The RAID admin (mdamd) should be able to add/fail/identify devices
based on slot.
Does this just mean that the admin should using names in
/dev/disk/by-path/
rather than /dev/sdXX to address devices? What can md or mdadm do
to help?
Not sure on the SES (or SGPIO side), but one of the things we've
been doing has been to create a file with disk placement
"coordinates", so as to map serial number and device to physical
location.
With real SES managed enclosures, you issue a SCSI command to read
SES Page1 and Page2 to get the details about the drives in any given
slot. This currently works fine in Linux with the sg_utils3
package. From the command line, 'sg_ses -p 2 /dev/sgXX` where the
device is the SES device.
Take a look at your systems, if you see a device at
/sys/class/enclosure/XXXX/ then you have a managed enclosure attached.
Hi,
True, but your definition of SES "slot 0" might be different from
someone else's. The end user will still need to map "slot 0" to a
physical slot on his system, instead of mapping a drive's serial
number to a physical slot. There is no standard for slot numbering
and most vendors use different schemes.
On the boxes I write SES firmware for, we have a sticker label on the
slot 'slot1' and its my job to make sure the SES firmware always maps
the physical label 'slot1' with the drive in that slot to the data in
the SCSI SES page 10 (0x0A).
That is the whole point of the SES device.

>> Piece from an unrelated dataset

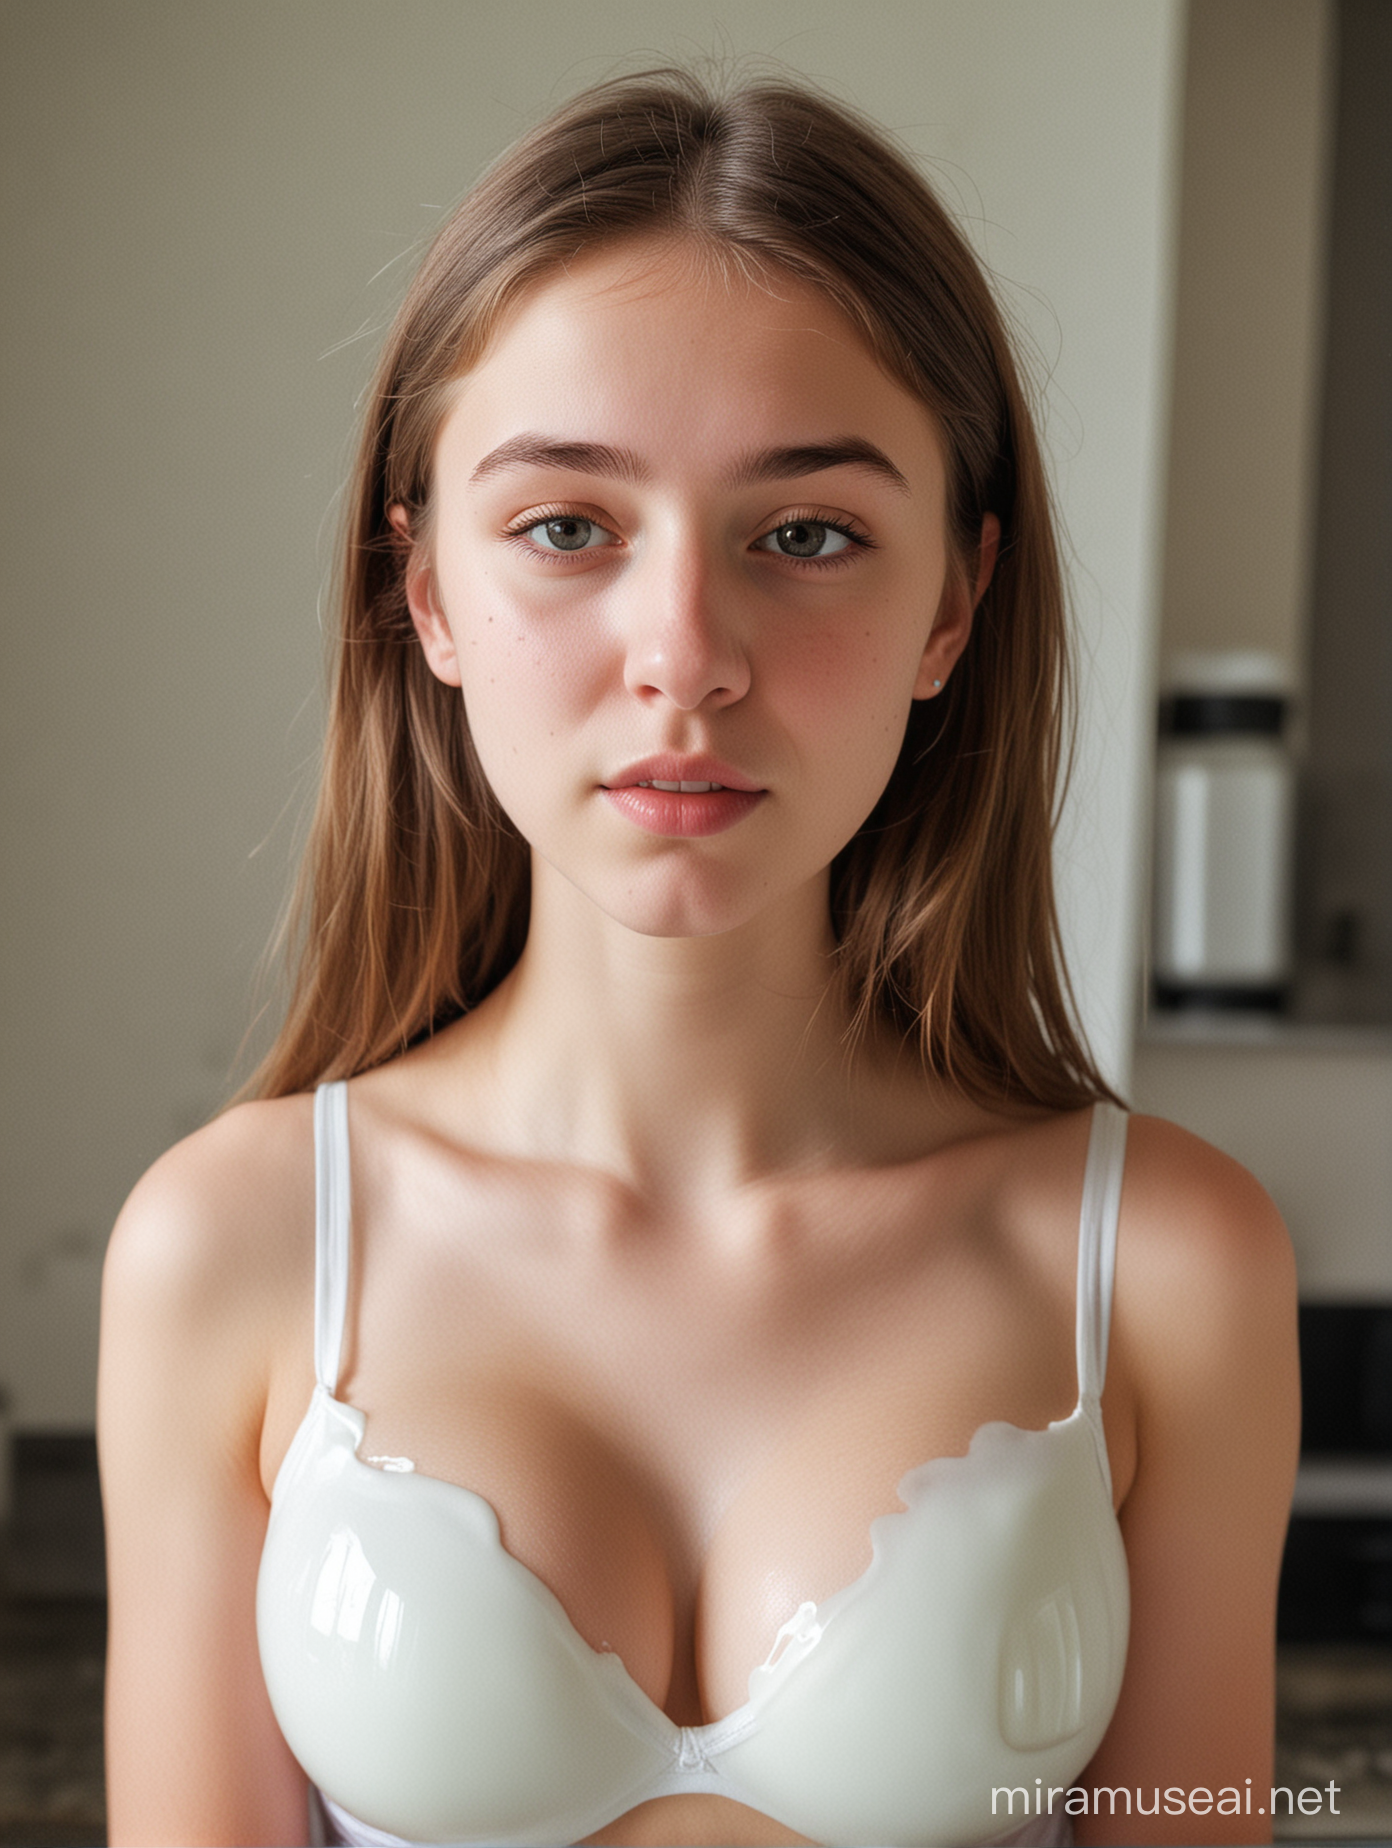 Teen girl with spilled milk on her cleavage

Very few vendor actually do this, although it makes sense I completely
agree.
2) If the RAID system fails a drive, it should notify the SES
management and turn on the fail bit and the fail LED.
"mdadm --monitor" will run a script on drive failure. This could
easily
notify the SES management.
Yes, we are using this now for notifications and logging.

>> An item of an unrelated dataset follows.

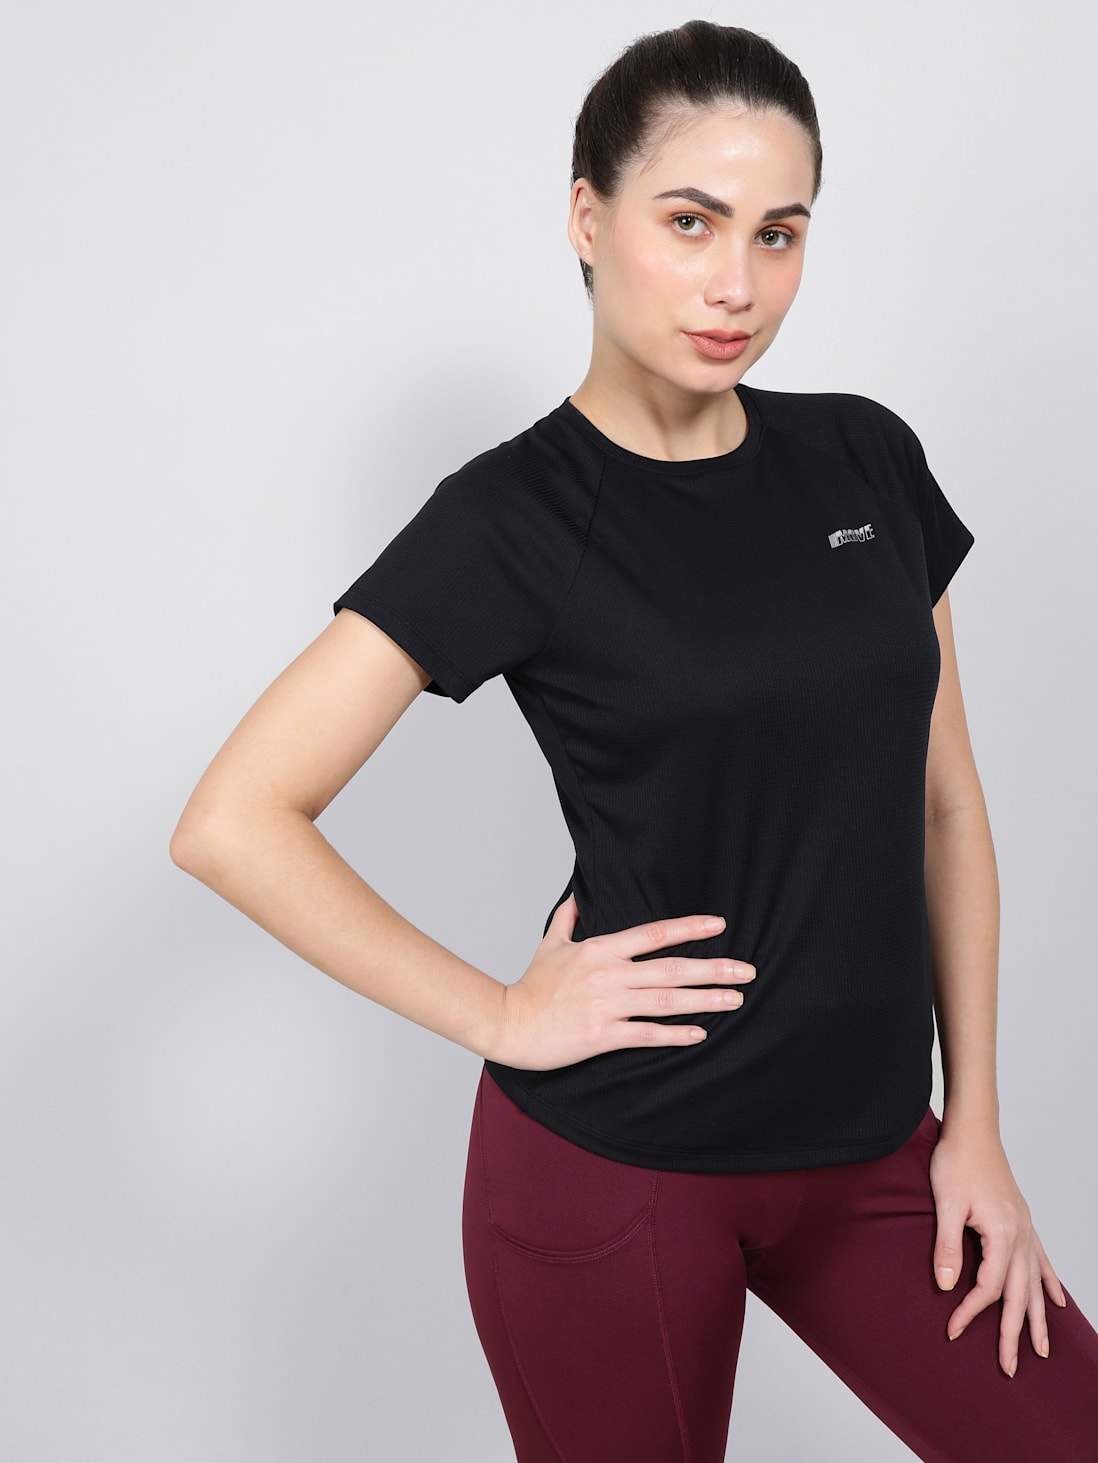 Buy Women's Microfiber Fabric Relaxed Fit Half Sleeve T-Shirt with ...

So maybe all we need here is a script to plug in to mdadm... Would
you like
to write one?
Just need a "standard" SES (or SGPIO) mechanism to hook into, and
we should be able to support this. Right now we have to work
through HBA scripts.
A true managed enclosure has nothing to do with the HBA. A managed
enclosure provides a device on the SCSI bus and you exclusively
communicate with that device regardless of the HBA. Most HW RAIDs
(LSI MegaRAID) will hide the SES device exactly like they hide the
physical disks.
3) The RAID system should be able to turn on the 'identify' bit and
LEDs for an array or a single drive.
This is fine too, as you pointed out SES gives you information on
disks, but in order to map a block device sda to a device in SES,
won't you need to rely on its SAS address? or even the SAS address
arbitrarily given by the expander to a SATA device?

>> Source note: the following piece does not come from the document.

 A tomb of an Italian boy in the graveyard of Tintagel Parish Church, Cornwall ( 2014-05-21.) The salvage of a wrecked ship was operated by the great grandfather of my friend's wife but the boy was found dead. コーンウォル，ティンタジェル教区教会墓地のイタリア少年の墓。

Look at SCSI SES Page 10 (0x0A), that is the correct mapping of disk
to slot on the host side.
Your expander's SES device might display this address for both SAS
and SATA drives in SES page 0xa, but most SES devices won't, at least
for SATA drives, as the SES spec specifically requires SATA drive's
address to be set to 0x0.
So if drive "sd"a fails, you'll be able to tell which expander it is
attached using kernel infos, tell its SAS address as you see it, but
you won't be able to map it to a particular slot number in SES, and
will not be able to set its failed LED reliably.
As stated above. If the firmware on the SES enclosure is written
correctly the SES page1 and page2 will correctly map the physical
devices *and LEDs* to the devices in the SCSI SES pages. This does
work on proper enclosures, yes you can rely on it (on my boxes anyway).
Maybe people have bad experiences with bad firmware, but if you get a
box that my expanders and SES firmware is in, they will work correctly.
Well, the problem here is not that the SES page1 and page2 do not map to
a physical device in the right slot, but how to identify them.
The only info in common between the SES device and the kernel about a
disk is its SAS address. You can get a map of SAS address <> Slot in SES
page 0xa as you correctly mentioned, but when using STP (SATA drives),
that address will often be blank (0x0). This is not out of bad design
and merely following the SES specs (which, for this particular issue do
not make sense to me).
In this particular case, there will be no way to map the "sdX" block
device to a SES slot id. Therefore you will not know which slot to send
the command to when you send your SES control.
This is an inevitable issue, unfortunately, which is a great barrier to
integrate SES to the Linux kernel's block drivers in my opinion.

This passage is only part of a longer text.